Мы ехали обратно по узким дорожкам, обсаженным яблонями. Близился вечер, стада возвращались с пастбищ, и шоссе было усеяно свежими коровьими лепешками. Пастухи неторопливо отгоняли коров к обочинам, и те, тараща глаза, изумленно смотрели на проходящую машину.

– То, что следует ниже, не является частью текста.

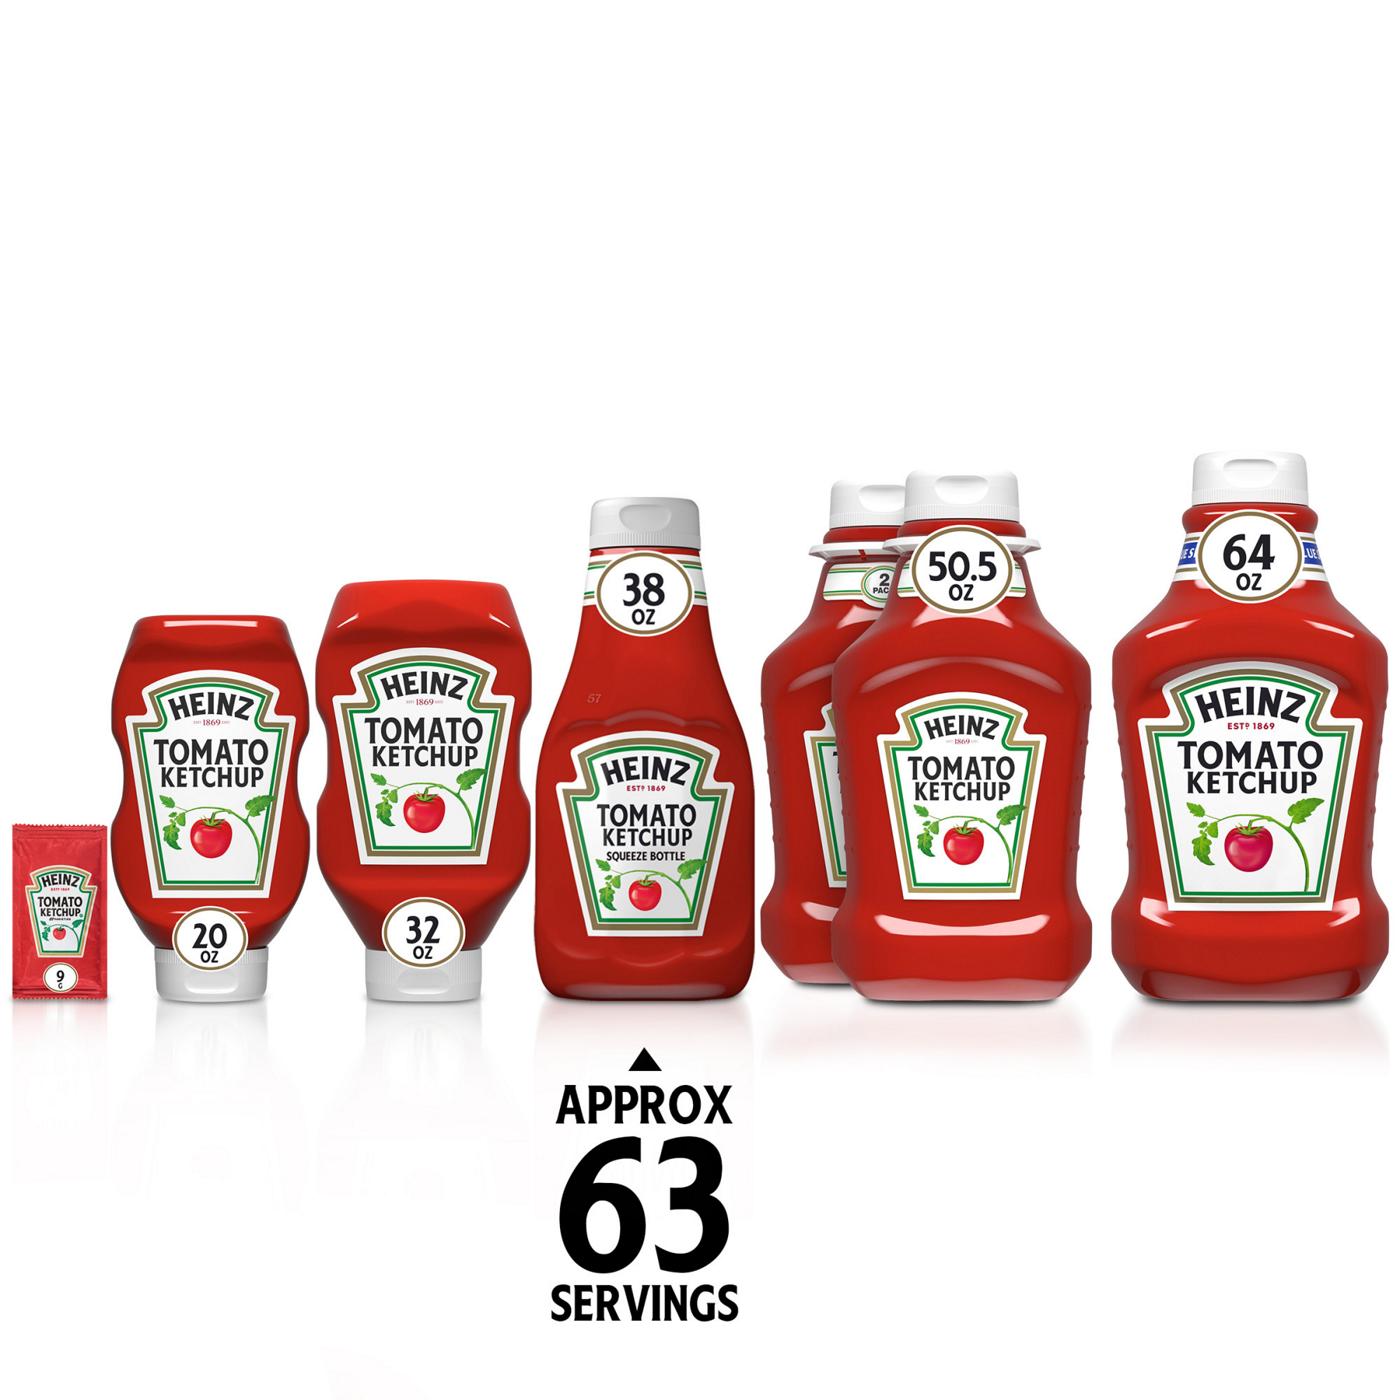 Heinz Tomato Ketchup; image 2 of 7
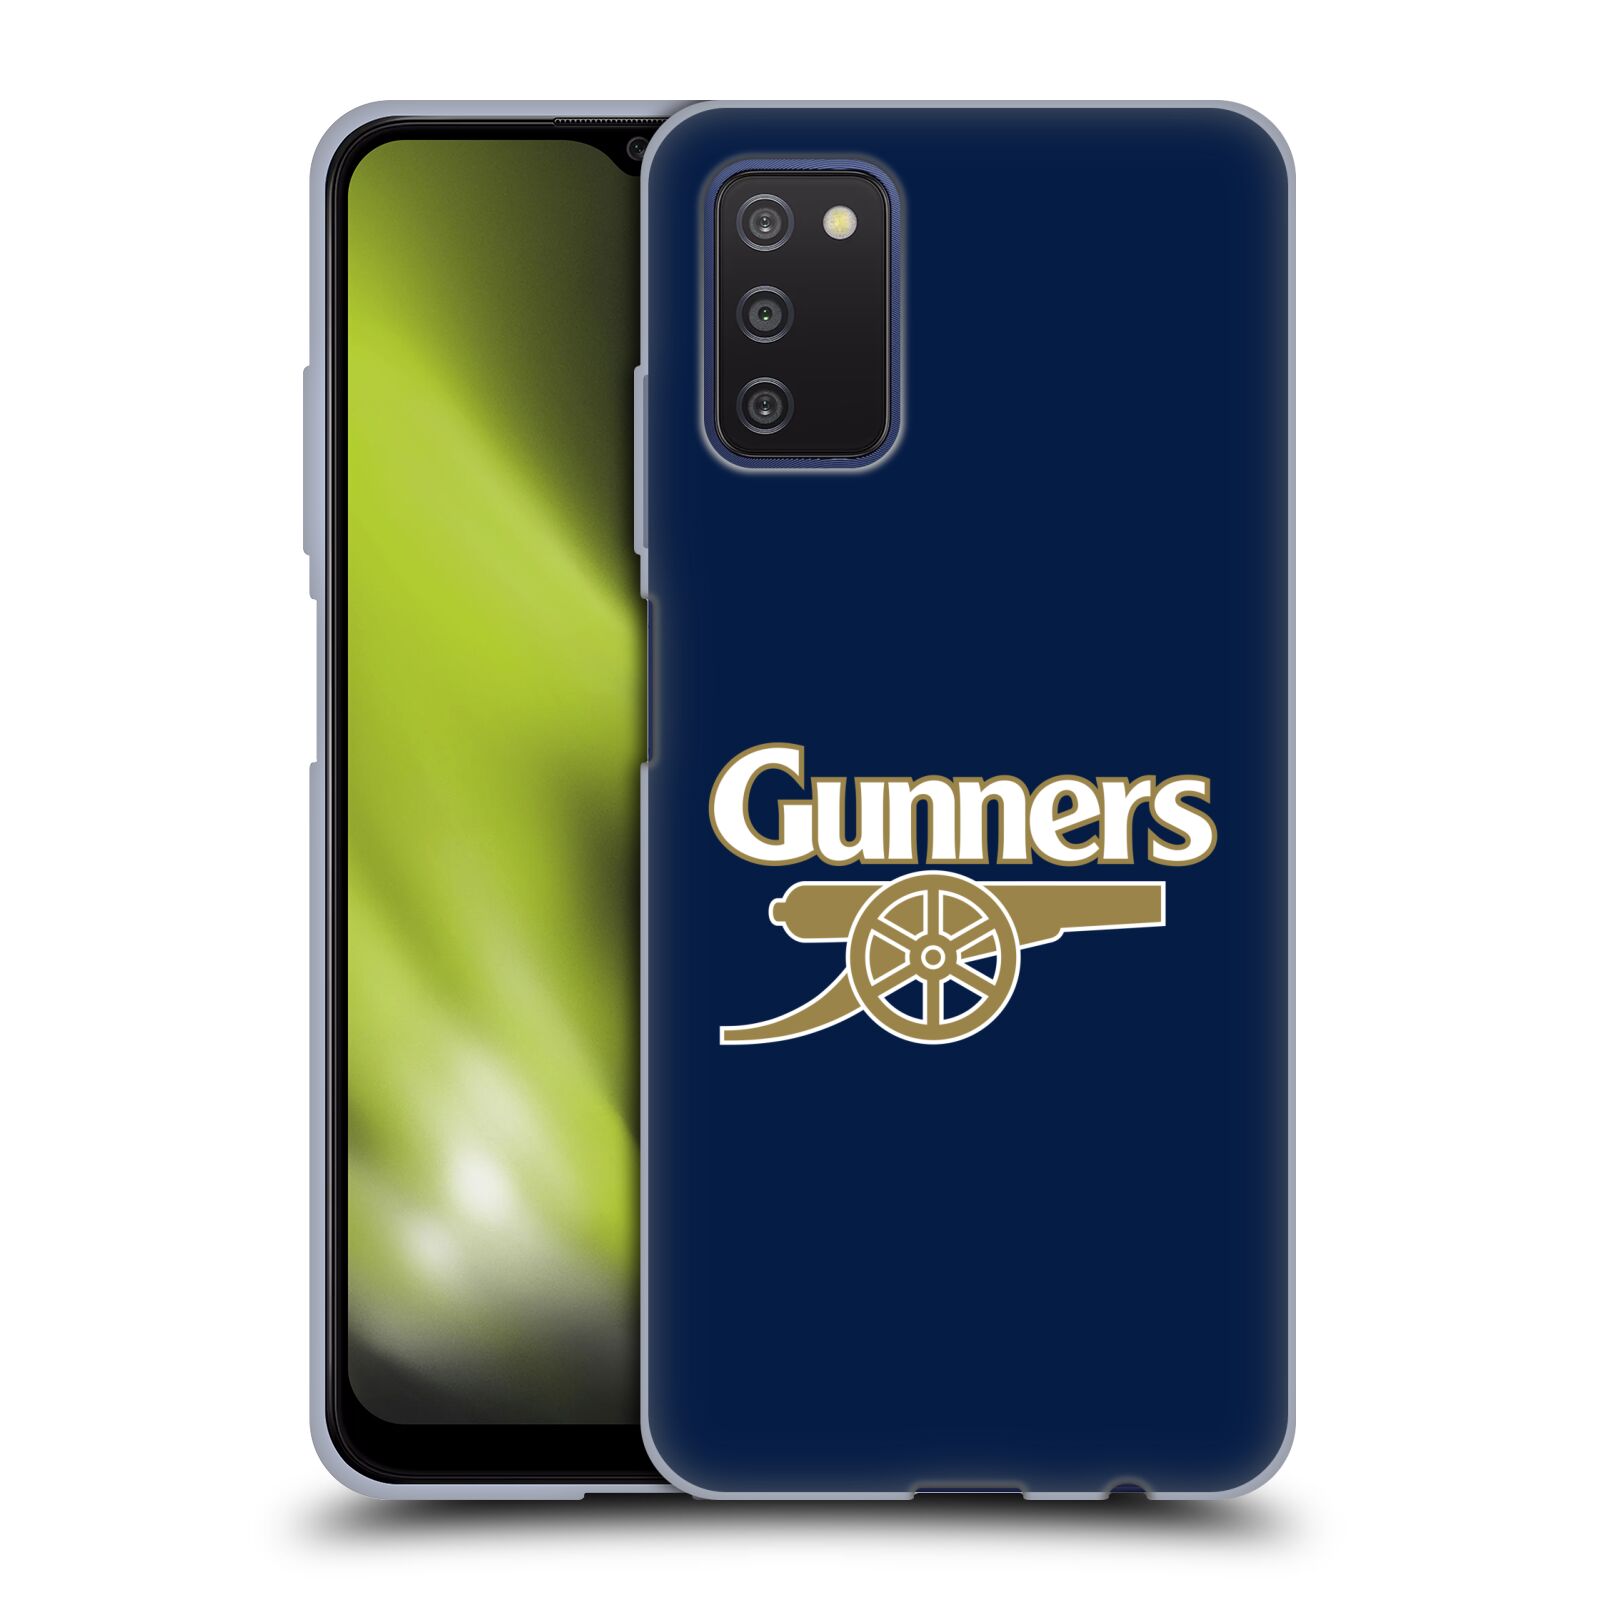 Silikonové pouzdro na mobil Samsung Galaxy A03s - Head Case - Arsenal FC - Gunners

— Ну и женщина! — восклицал дядя. — Слыхал, как высказывается, вот уж бой-баба!

Он медленно ехал, выставив в окно локоть, и рассказывал, как он научился водить машину сразу после войны, когда попытался работать коммивояжером. Он разъезжал от деревни к деревне на маленьком авто своего хозяина, на «зебре», но это продолжалось недолго, ему пришлось вернуться к своему ремеслу сапожника.

Ему было безразлично, на какой машине ездить, мне кажется даже, что эта машина с передними ведущими колесами его несколько стесняла. Втайне он, вероятно, предпочитал «зебру», о которой рассказывал мне как о своей старой доброй знакомой; даже напасти, связанные с нею: лопнувшая шина, протекающий карбюратор, капризный радиатор, тугая заводная ручка — и те умиляли его. К машине он относился как к живому существу: ее нужно было любить, ласкать, чистить, здесь закрепить проволочкой, там подклеить изоляционной лентой. Ничего общего с новым автомобилем, у которого он ни разу так и не поднял капот. Я сильно подозревал, что он и купил-то его не для себя, а для дочери, желая хоть так побаловать ее и отвлечь от мрачных мыслей. Впрочем, с той же целью он позже приобрел дом в Клозье. Сам он прекрасно прожил бы в одной каморке рядом с мастерской и охотно передвигался бы пешком. «Это женщины делают из нас цивилизованных людей», — говорил он, и по тому, как он произносил «цивилизованных», в его шутливом тоне чувствовалась ирония.